The Conservancy is also in the final stages of closing a deal to protect 6,000 acres of land on Michigan’s Upper Peninsula. The Baraga property, which is home to 15 lakes and is frequented by bear and moose, was potentially going to be subdivided and developed. By selling carbon credits into California’s market, TNC will be able restore the forest and manage it in a sustainable way while preventing an estimated 700,000 metric tons of carbon from entering the atmosphere.
In the past year, California’s cap-and-trade program has weathered a variety of legal challenges and looks as though it is here to stay. In November 2012, the California Chamber of Commerce and other entities sued the state over AB32, arguing that the program was a tax that had been approved by an insufficiently large majority. The plaintiffs lost their suit, and the California Supreme Court recently declined to take on the case. In July, in a huge victory for California’s program and TNC, which actively supported the effort, the state legislature voted to keep the cap-and-trade program in place through 2030.

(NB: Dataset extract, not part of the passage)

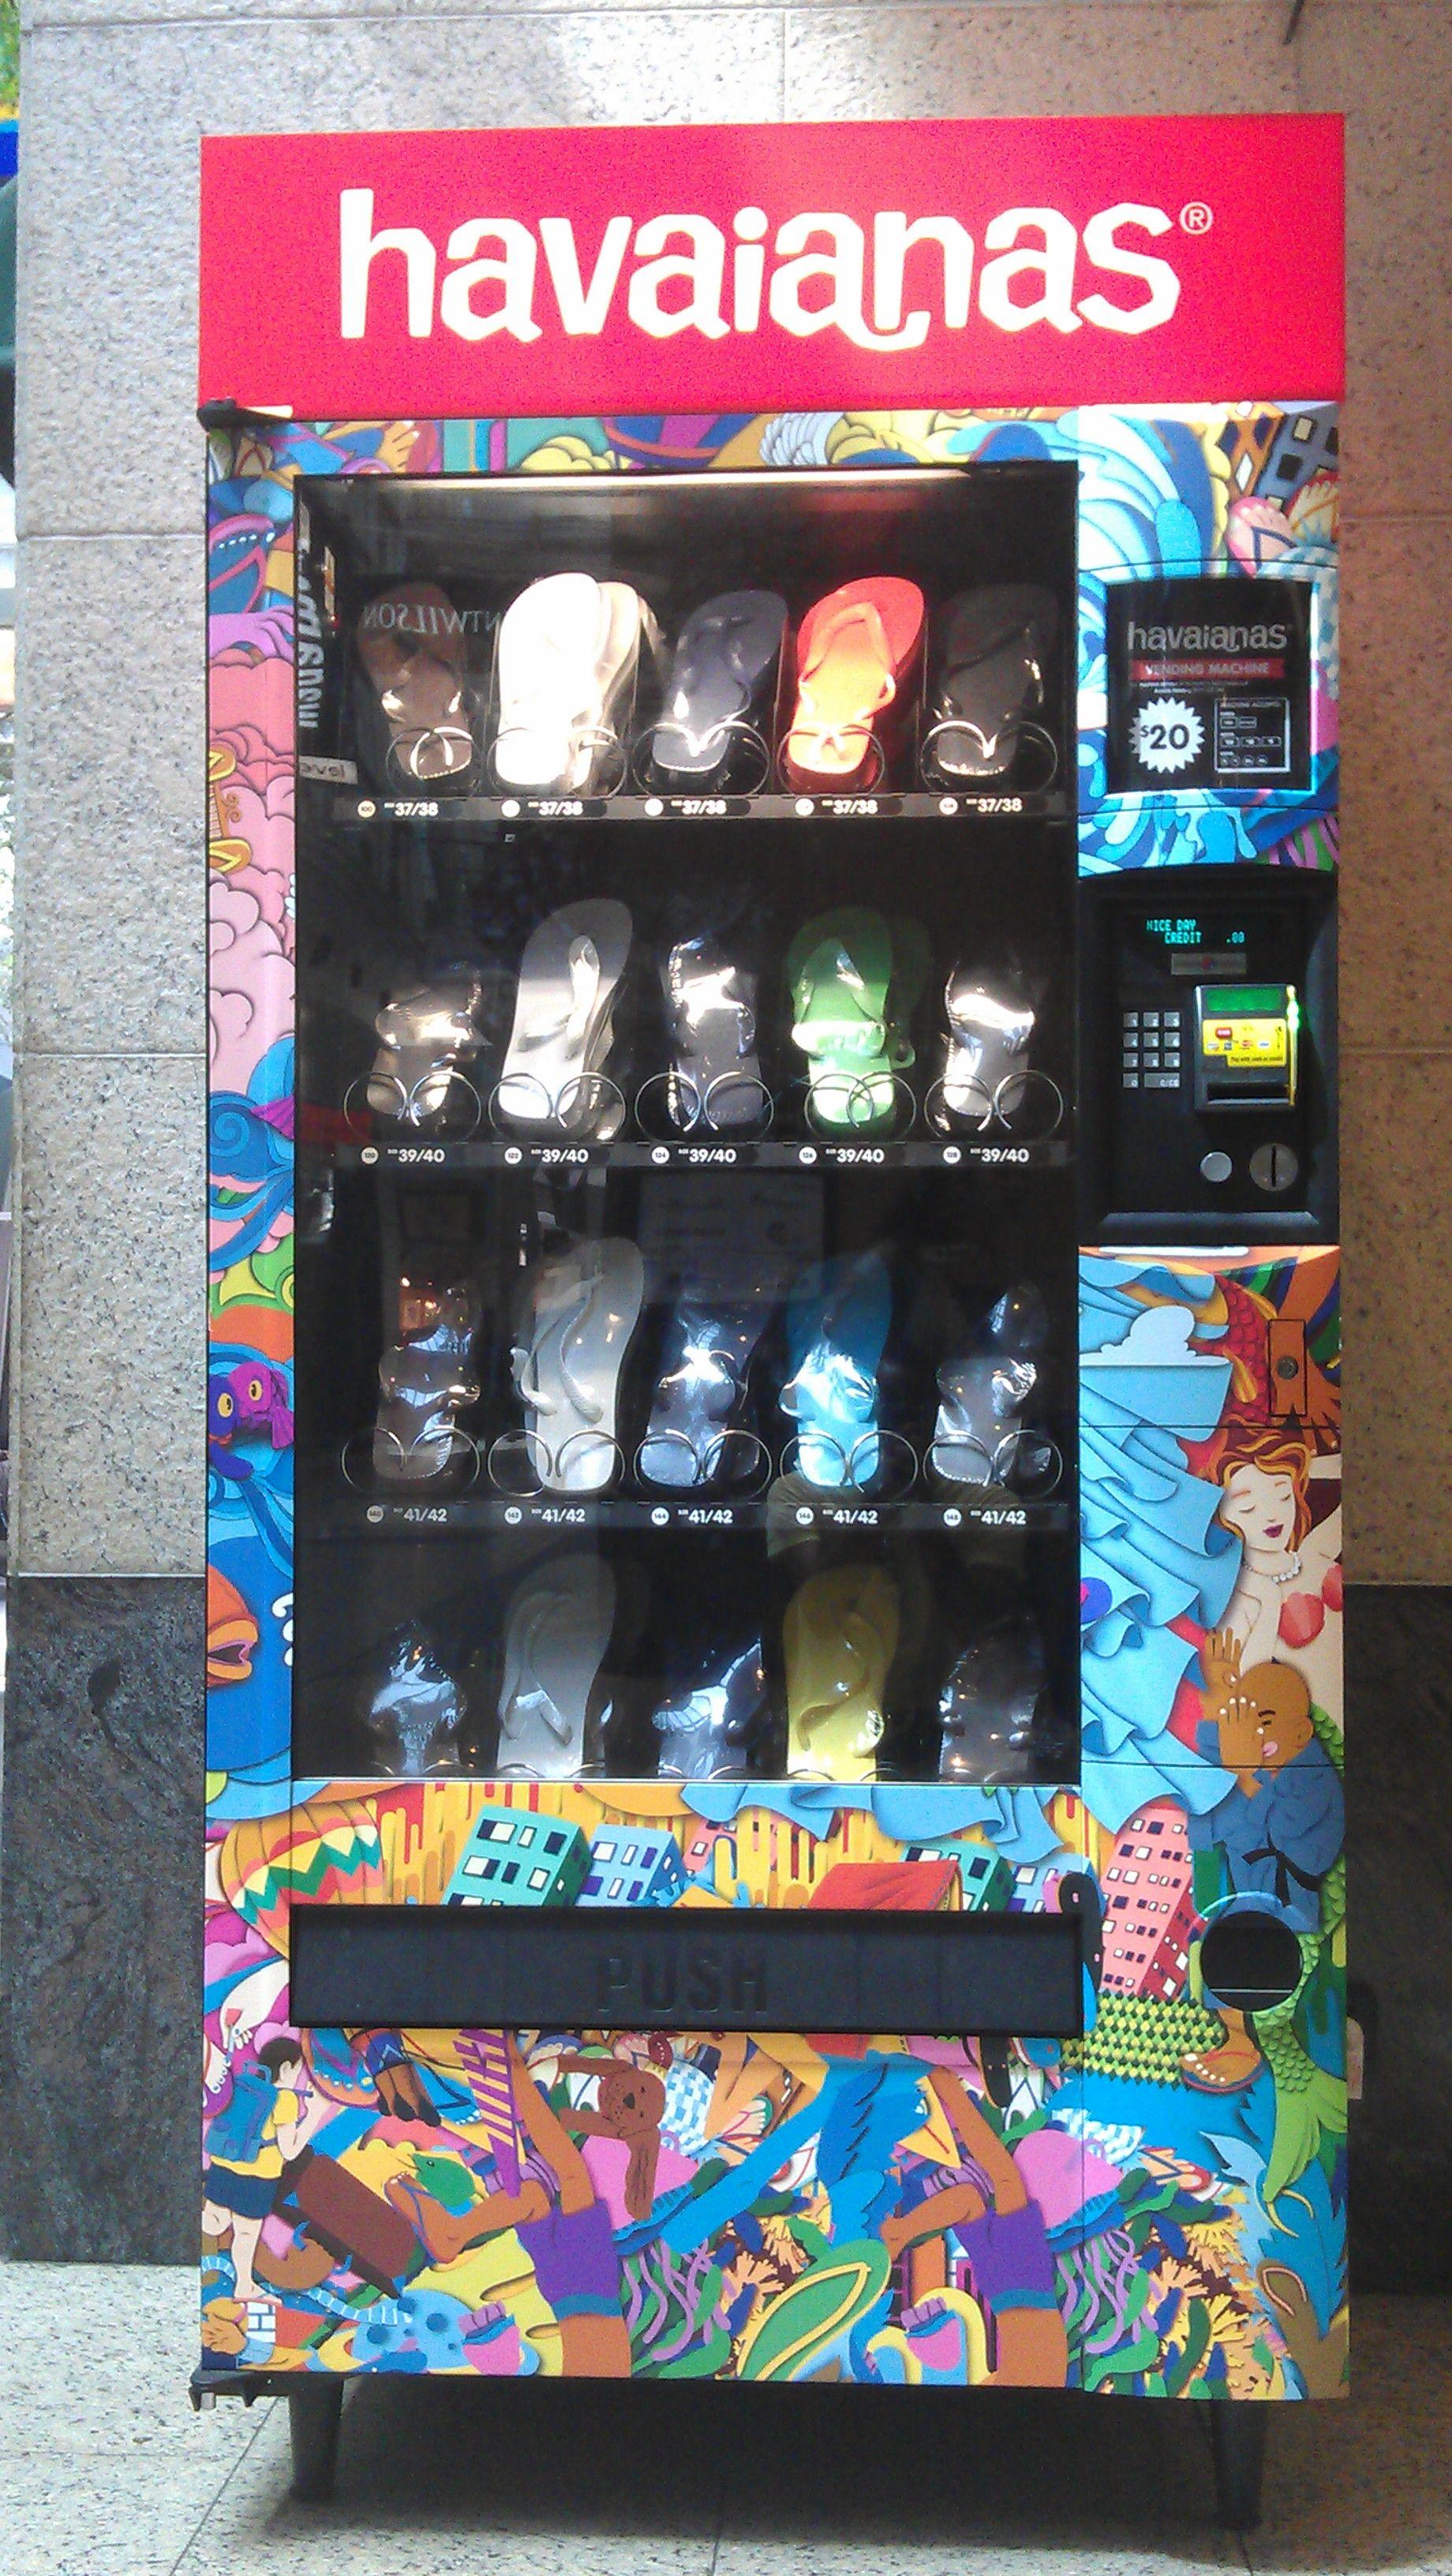 Hair accessories vending machines - Havaianas Vending Machine In Australia I Wanna Go There So Bad

The state’s success has demonstrated that local and regional leaders can band together to create a global climate solution in the absence of White House leadership. California has already linked its carbon market with Canada’s Quebec province, and Ontario joined the California-Quebec system in September. In June, Gov. Jerry Brown traveled to China to discuss a potential partnership with regional markets there. And legislators in Oregon have begun discussions of launching their own cap-and-trade program, following in California’s footsteps. “It’s a big victory,” says Blumberg. “California has proved that you can regulate climate change and grow the economy.”
Brendan Borrell is a correspondent with Outside magazine based in Los Angeles. His writing has also appeared in Scientific American, National Geographic and many other publications.